ORM (Object-relational mapping) is a programming technique that allows you to map data from external storage (such as databases) to your local programming objects. This approach allows developers to abstract from database specificities and to perform CRUD operations as common function calls. This is beneficial since we don't have to know actual database syntax, some ORMs can even work on SQL and NoSQL databases simultaneously. But this article's title doesn't say "Why everyone should always ORMs", so I want to point out the downsides of ORMs and suggest an alternative approach.
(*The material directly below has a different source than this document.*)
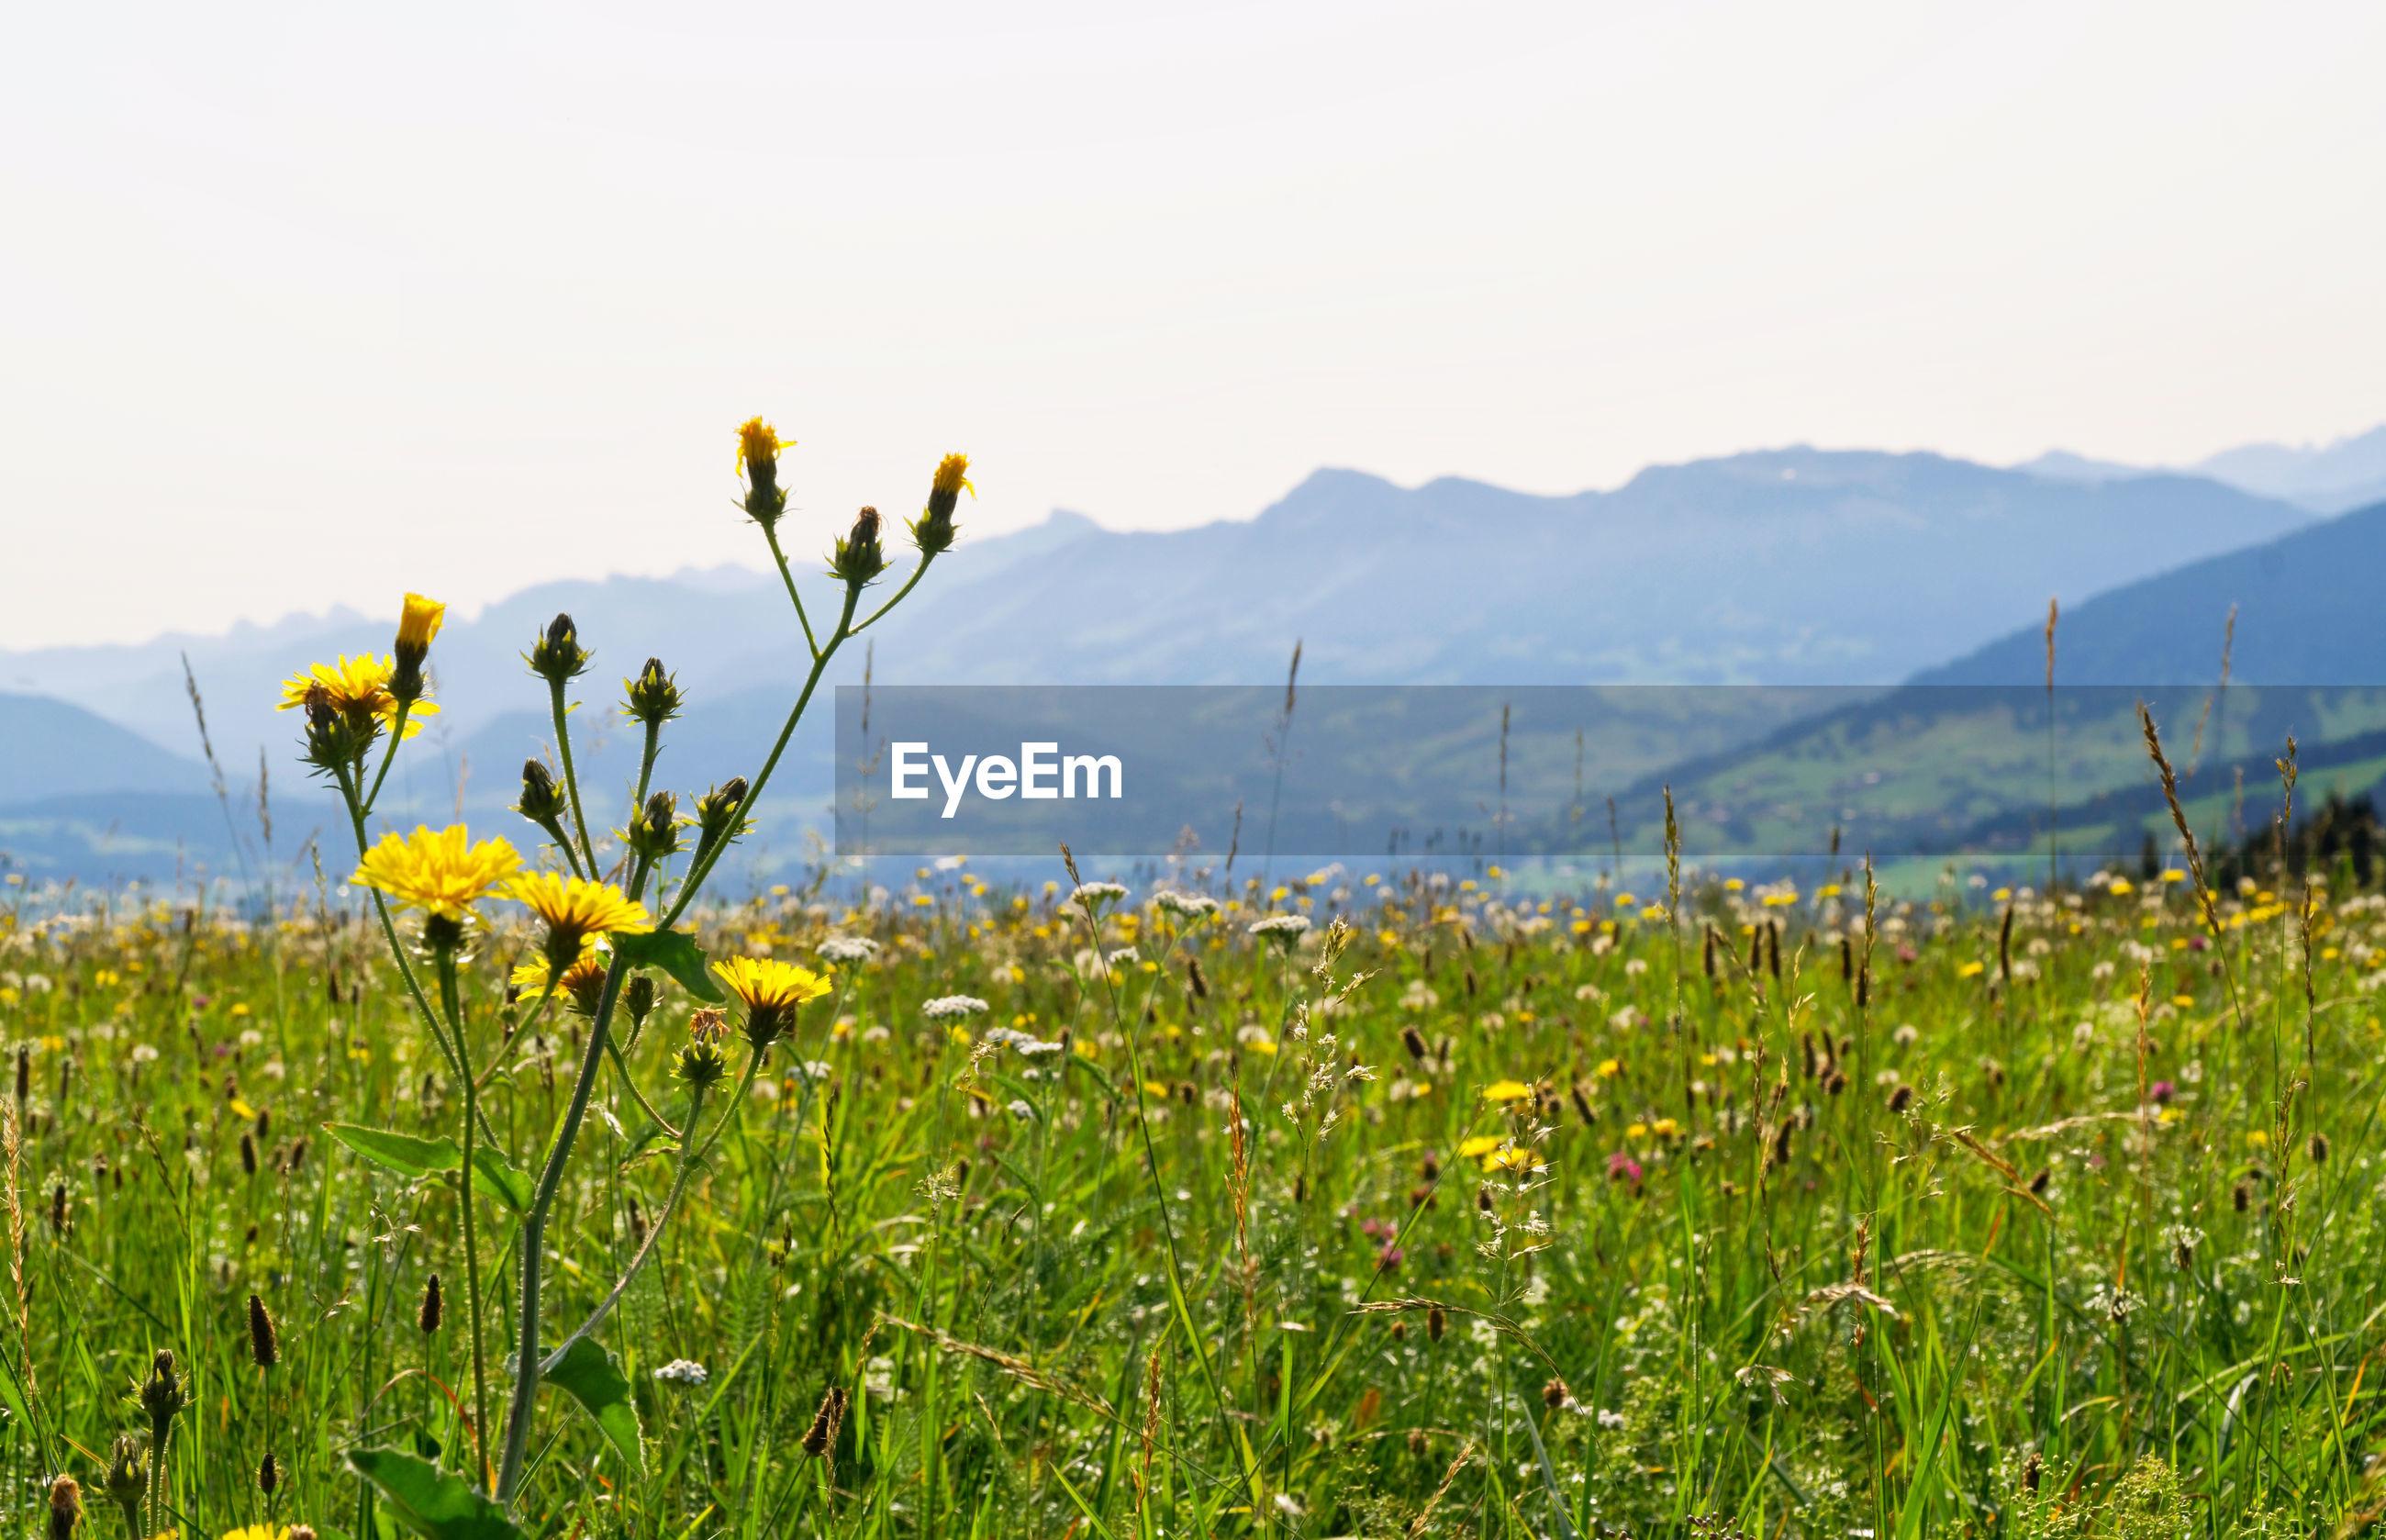 YELLOW FLOWERING PLANTS GROWING ON FIELD AGAINST SKY

The lowest level representation of the database data is pure bytes (well it's actually electrons stored and moved in wires and semiconductors if we go all the way down, but we will stay in the software field). So when any driver talks to the actual database over the network it sends and receives packets of bytes. Further, based on the database protocol, which describes how to read and process these bytes, the driver transforms the bytes into meaningful data structures. So, as we can see, the database driver works sort of like an ORM here: it maps the raw data into your programming language constructs. And ORM maps this data even further into different constructs. The data received from the driver is ready to be used in your application. That is the first point on why you don't need ORM.
So you read some data from the database and you get arrays (or lists, or sequences, or an iterator, depending on your language and driver of choice) in return. Right of the box, you have powerful tools to work with that data, because your standard library contains many functions that work on arrays and maps. On contrary, these functions may or may not work on ORM-specific objects. Also, raw data is perfectly serializable and is ready to be transferred via wire.
When you write unit tests for entities that work with your stored data, ideally you want to be ignorant of the database layer. Raw data is decoupled from its origin by nature and can be mocked as you prefer. ORM, on the other hand, is dependent on its implementation and may support some mock storage, otherwise, you have to always execute tests in front of some database.
But you do. Sometimes more specific solutions can be beneficial for your project. Maybe there is some addition to the generated SQL, that can vastly improve the speed of querying.
Beyond simple CRUD operations database can support many amazing features, like sharding, different index types, non-standard conditional operators, and non-standard built-in functions. Probably an ORM library lacks the support for many features of the database you are using. Also, if you pick an ORM library and build upon it, you are tieing yourself with that library and at some point, if there is a database solution that may be beneficial to your application domain, you may end up in a situation where you need to massively rework your codebase.
Seriously, if you haven't seen "Simple made easy" talk by Rich Hickey, do yourself a favor, it's very enlightening.
Let's figure out how to build our projects with the "no ORM" approach. We want to build a solution that is testable separately from the database, operates on data, and has layers with well-defined boundaries (kudos to Uncle Bob).
I will build an example using node, typescript, and neon (postgres). It will contain a single entity - User
with attributes name
and age
.
So how do we represent a model within our concept? It's just an interface! link
export type User = {
id: number;
name: string;
age: number;
};
If later we want to add some methods, that operate on User
somehow, then we just write a function that accepts User
as a parameter or returns a User
shaped object.
Now we want to connect the User
entity to the database: store it, retrieve it, modify and delete it.
Now let's add the entity Repository
. It will have CRUD methods that operate on raw data and will perform database operations.
link
export type Repository<T extends Record<string, any>> = {
name(): string;
create(data: Omit<T, "id">): Promise<T>;
readMany<K extends keyof T>(filters: Filter<T, K>[]): Promise<T[]>;
read(id: string): Promise<T>;
update(id: string, data: T): Promise<T>;
delete(id: string): Promise<T>;
};
The Repository
is our missing database operations layer. It can perform all of the "get, store data" stuff. Also, if some entities require additional operations we can extend the basic Repository
for them with additional operations like createOrReplace
or updateMany
.
Database adapter would be the function that returns a Repository
instance. Here is an example of how it can look for the postgres database. link
If we want to test an adapter we probably would do it against a real database in a snapshot manner with something like these steps:
- Create a test repository using the tested adapter
- Run some methods
- Check that the database state matches our expectations
Actually, our Repository instance is not only good for database management. For example, we can build REST API from it. link And write a test for that implementation as well. link
Fairly, the current state of ORMs is not as bad as it was before. There are modern frameworks like Prisma, that acknowledge some of the problems I described above. For example, Prisma generates a client, that returns just typed data when using built-in query methods, so it is decoupled by design. I'd say it is a good sign when you can view the database framework as an advanced driver. Still, using Prisma makes it very hard to migrate to an unsupported database, so you need to keep that in mind.
Probably the main thought I want to convey is: design layers of your application in advance and with thinking ahead. And since it's almost impossible to predict the functionalities your application should provide in five years, two years, or one year you need to create a very flexible architecture, and layering your designs with well-defined boundaries is the best approach from what I know.